(WORK INSTRUCTIONS) Please write out exactly the lines of the data below from the line holding "Gilbert Ballon Rugby" through the line holding "Sign Signal Letters", and leave out the rest.

(DATA)
++++++++++++++++++++

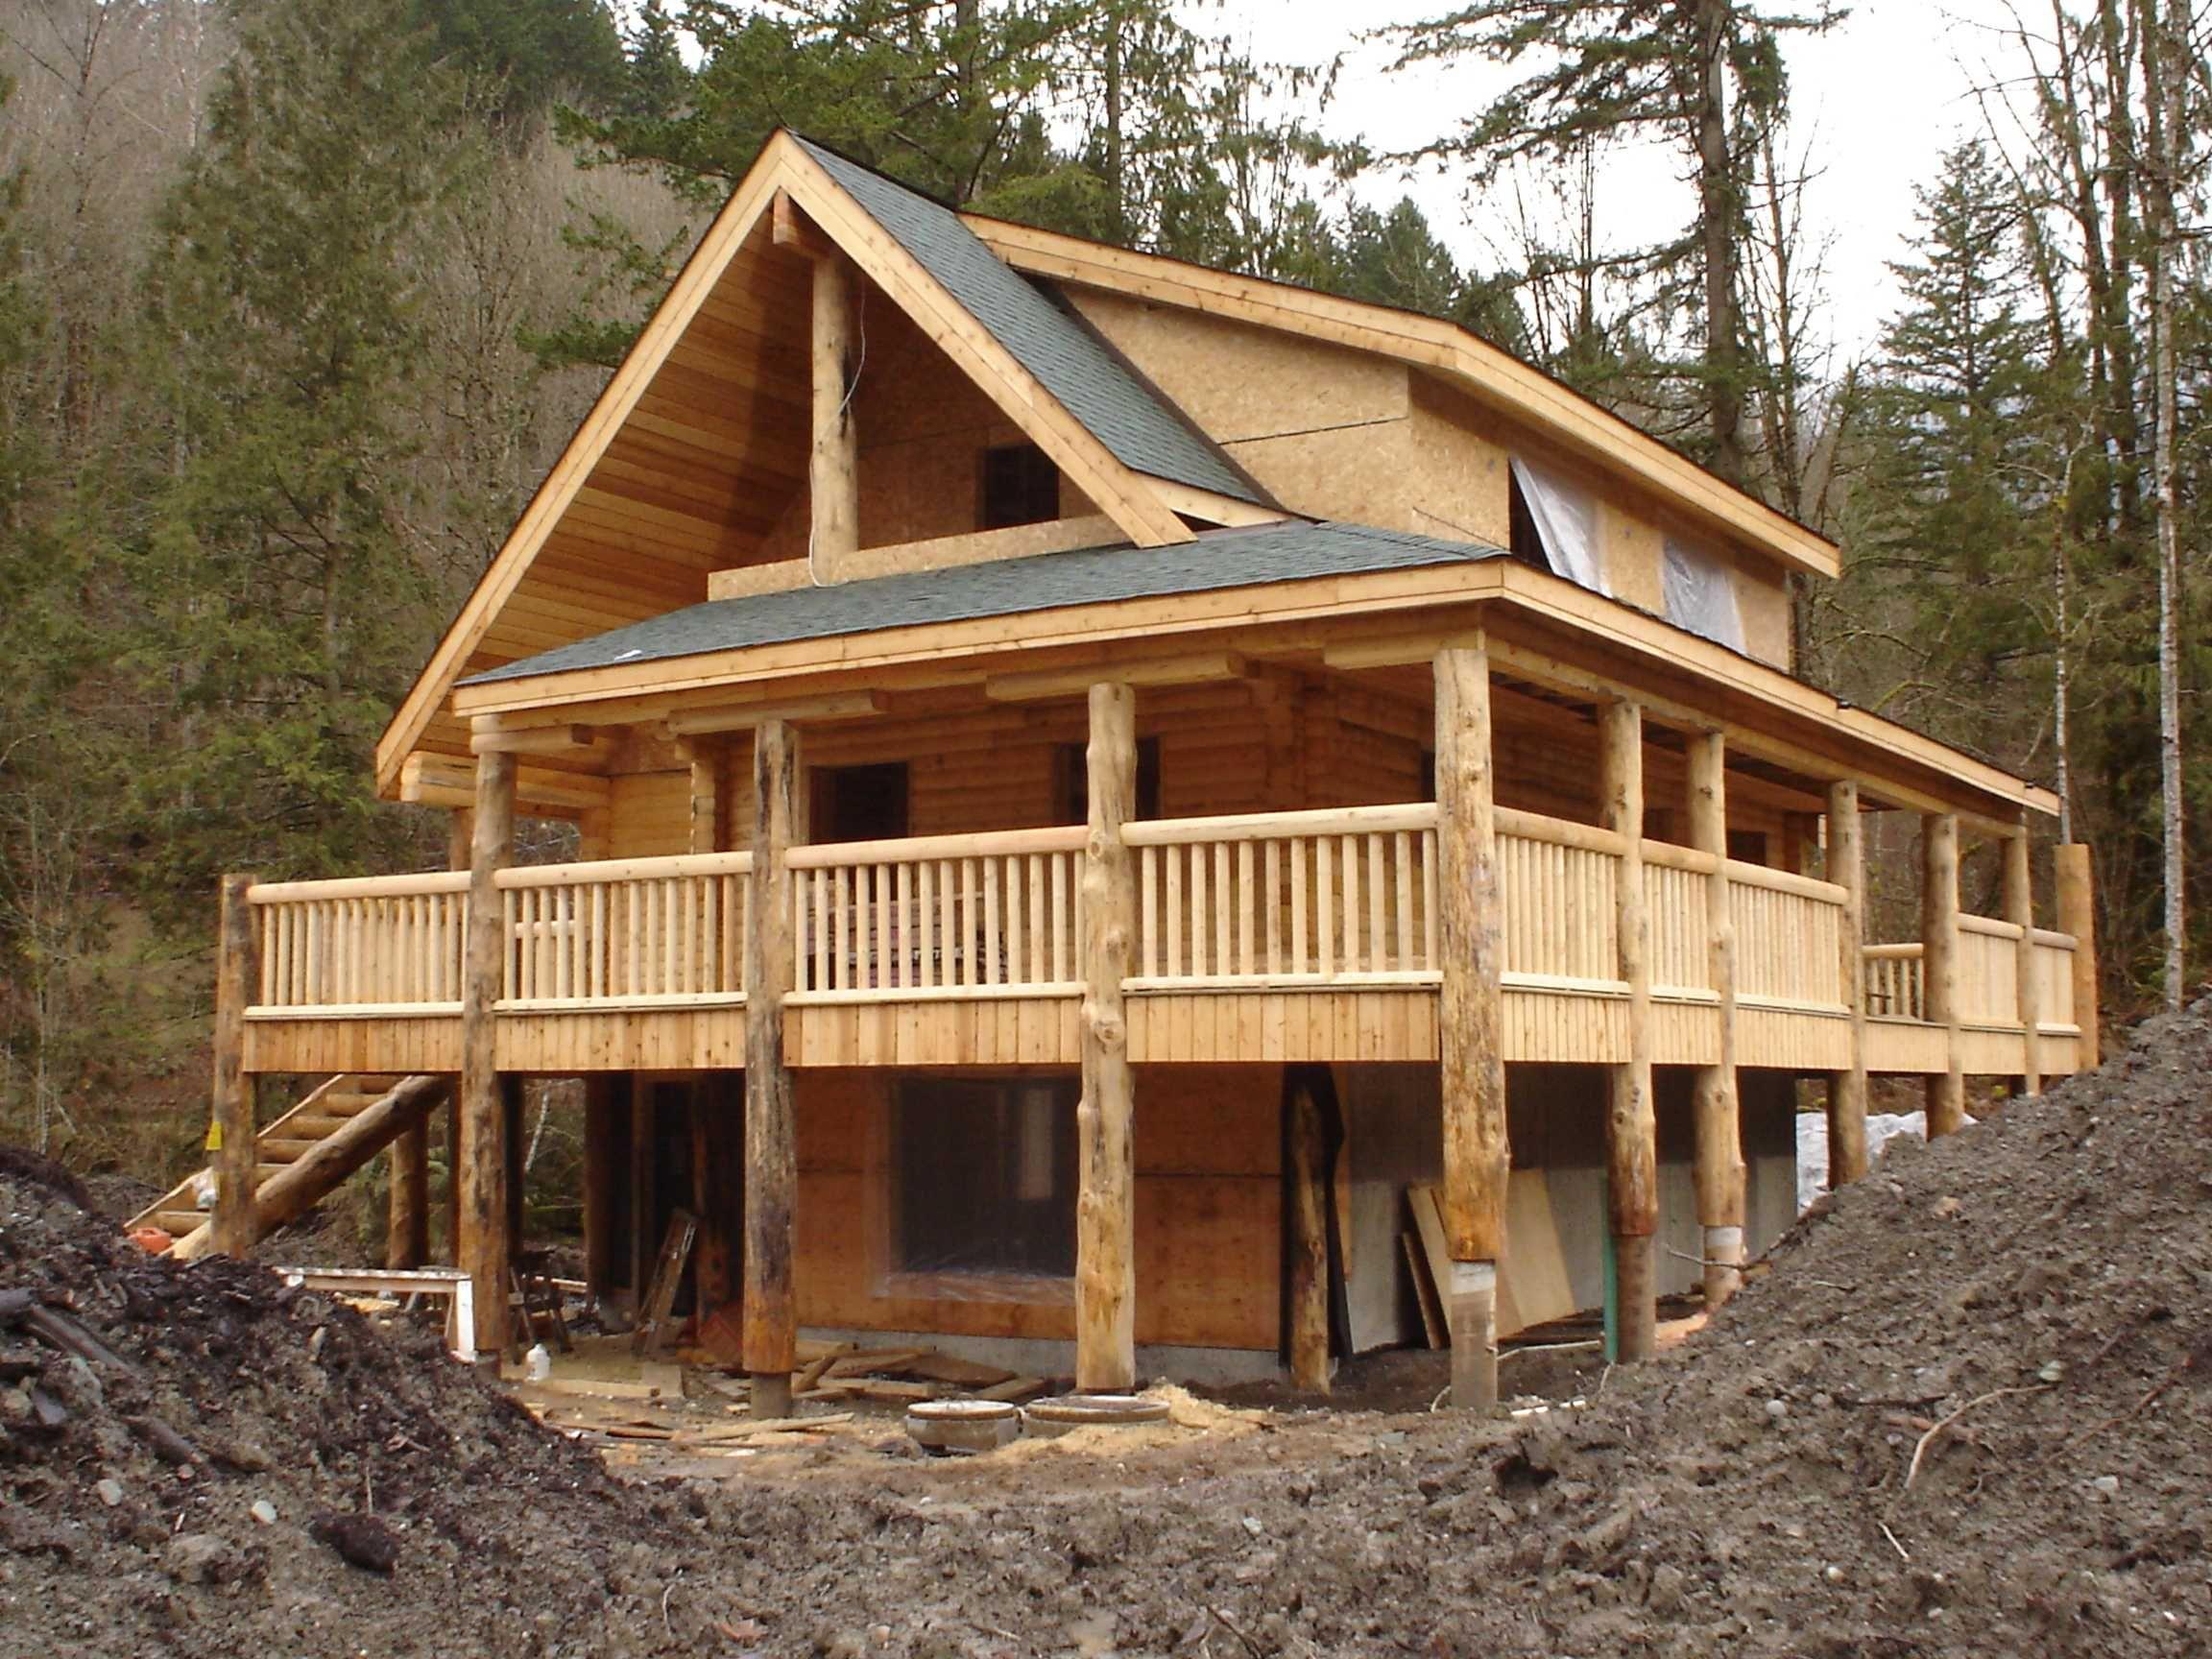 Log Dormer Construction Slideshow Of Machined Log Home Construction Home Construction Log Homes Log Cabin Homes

++++++++++++++++++++

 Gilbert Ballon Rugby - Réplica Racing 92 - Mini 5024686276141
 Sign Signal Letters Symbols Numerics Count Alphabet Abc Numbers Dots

++++++++++++++++++++

(FINISHED EXERCISE)
 Gilbert Ballon Rugby - Réplica Racing 92 - Mini 5024686276141
 Sign Signal Letters Symbols Numerics Count Alphabet Abc Numbers Dots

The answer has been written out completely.